2
votes

I have multiple threads which are serializing my 'Data' objects to files. The filename is based on 2 fields from the Object

  class Data {
    org.joda.DateTime time;
    String title;

    public String getFilename() {
      return time.toString() + '_' + title + ".xml";
    }

It is possible that 2 Data objects will have the same 'time' and 'title', and so the same filename.

This is acceptable, and I'm happy for either to be saved. (They're probably the same Data object anyway if those are the same)

My problem is that two (or more) threads are writing to a file AT THE SAME TIME, causing malformed XML.

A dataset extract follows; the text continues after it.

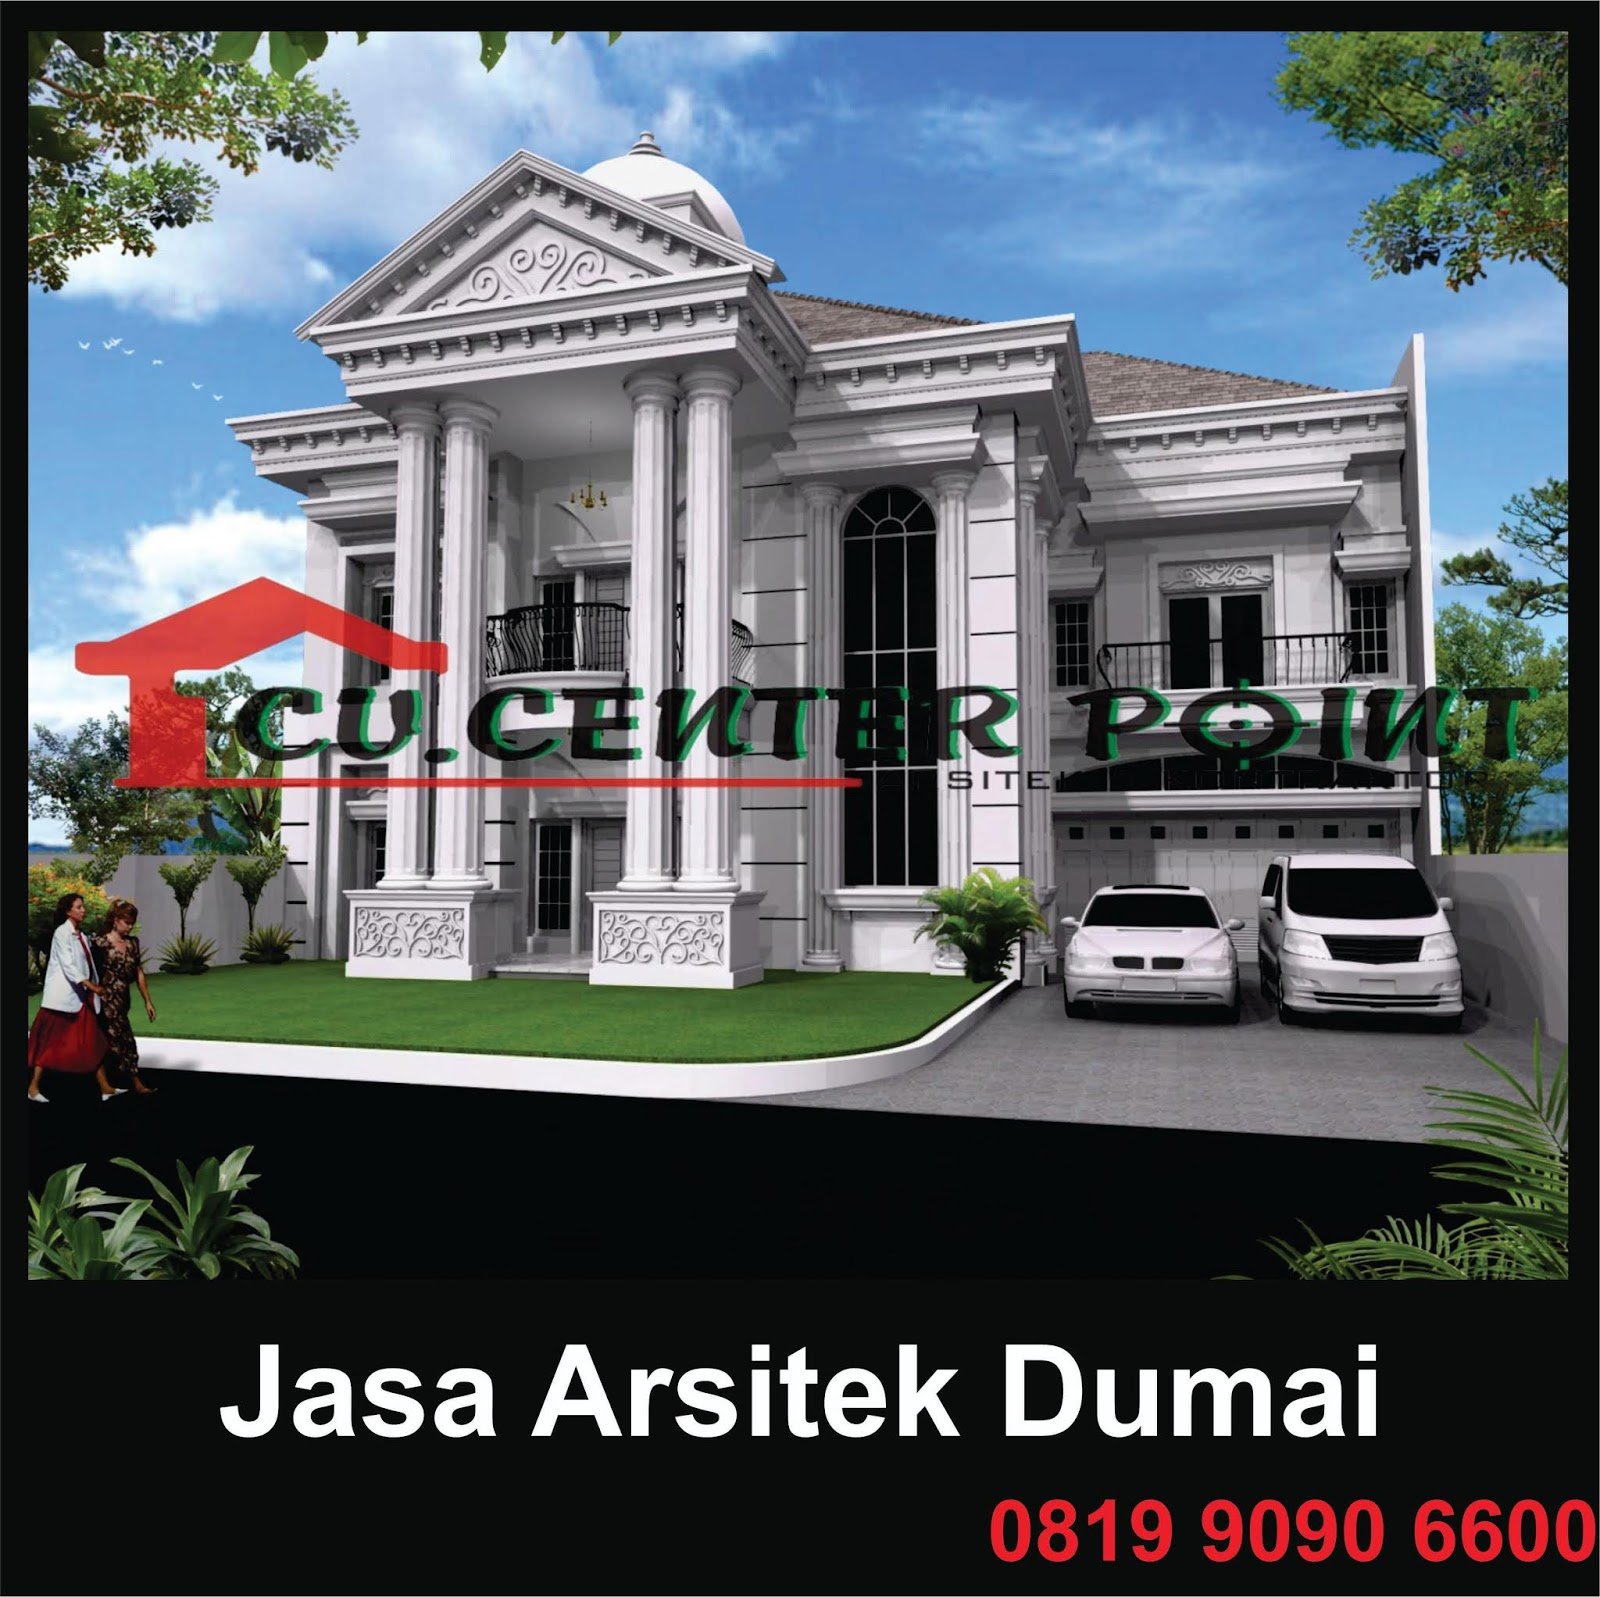 Jasa Arsitek Murah Dumai Jasa Desain Rumah Dumai

I had a look at java.nio.channels.FileLock, but it's for VM-Wide locking, and specifically NOT suitable for intra-Thread locking.

I could synchronize on DataIO.class (but that will cause a HUGE overhead, since I really only want to synchronize on the individual File).

Synchronizing on the File object will be useless, as multiple File objects can represent the same System-File.

Code Follows:

class DataIO {
  public void writeArticleToFile(Article article, String filename, boolean overwrite) throws IOException {
    File file = new File(filename);
    writeArticleToFile(article, file, overwrite);
  }

  public void writeDataToFile(Data data, File file, boolean overwrite) throws IOException {
    if (file.exists()) {
      if (overwrite) {
        if (!file.delete()) {
          throw new IOException("Failed to delete the file, for overwriting: " + file);
        }
      } else {
        throw new IOException("File " + file + " already exists, and overwrite flag is set to false.");
      }
    }

    File parentFile = file.getParentFile();
    if (parentFile != null) {
      file.getParentFile().mkdirs();
    }

    file.createNewFile();

    if (!file.canWrite()) {
      throw new IOException("You do not have permission to write to the file: " + file);
    }

    FileOutputStream fos = new FileOutputStream(file, false);
    try {
      writeDataToStream(data, fos);
      logger.debug("Successfully wrote Article to file: " + file.getAbsolutePath());
    } finally {
      fos.close();
    }
  }
}
3

3 Answers

1
votes

You could intern() the string that is the filename. Then synchronise on the interned string.

class DataIO {
  public void writeArticleToFile(Article article, String filename, boolean overwrite) throws IOException {
    synchronized(filename.intern()) {
       File file = new File(filename);
       writeArticleToFile(article, file, overwrite);
    }
  }
2
votes

If I am reading this correctly you have a Data object that represents a single file.

You can consider creating a striped set based on the Data object. Possibly having a ConcurrentHashMap of

ConcurrentMap<Data,Lock> lockMap = new ConcurrentHashMap<Data,Lock>();

No when you want to write to this object you can do:

Lock lock = lockMap.get(someMyDataObject);
lock.lock();
try{
   //write object here
}finally{
   lock.unlock();
}

Keep in mind you would have to write the hashCode and equals method based on the title and DateTime

0
votes

I agree that using synchronization is the technique you should use. What you need is a distinct object for each file permutation, and more importantly the same object each time. One option might be to create a class called FileLock:

public class FileLock {
    DateTime time;
    String title;

    public FileLock(DateTime time, String title) {
        this.time = time;
        this.title = title;
    }

    override equals/hashCode based on those two properties

    static Hashtable<FileLock, FileLock> unqiueLocks = new Hashtable<FileLock, FileLock>();
    static lockObject = new Object();

    public static FileLock getLock(DateTime time, String title) {
        synchronized (lockObject) {
            FileLock lock = new FileLock(time, title);
            if (unqiueLocks.ContainsKey(lock)) {
                return unqiueLocks.get(lock);
            }
            else {
                unqiueLocks.put(lock, lock);
                return lock;
            }
        }
    }
}

Then callers would use it like:

synchronized (FileLock.getLock(time, title)) {
    ...
}

Bear in mind this has a memory leak since the Hashtable keeps growing with new file/time permutations. If you need to, you could modify this technique so that callers of getLock also invoke a releaseLock method that you use to keep the Hashtable clean.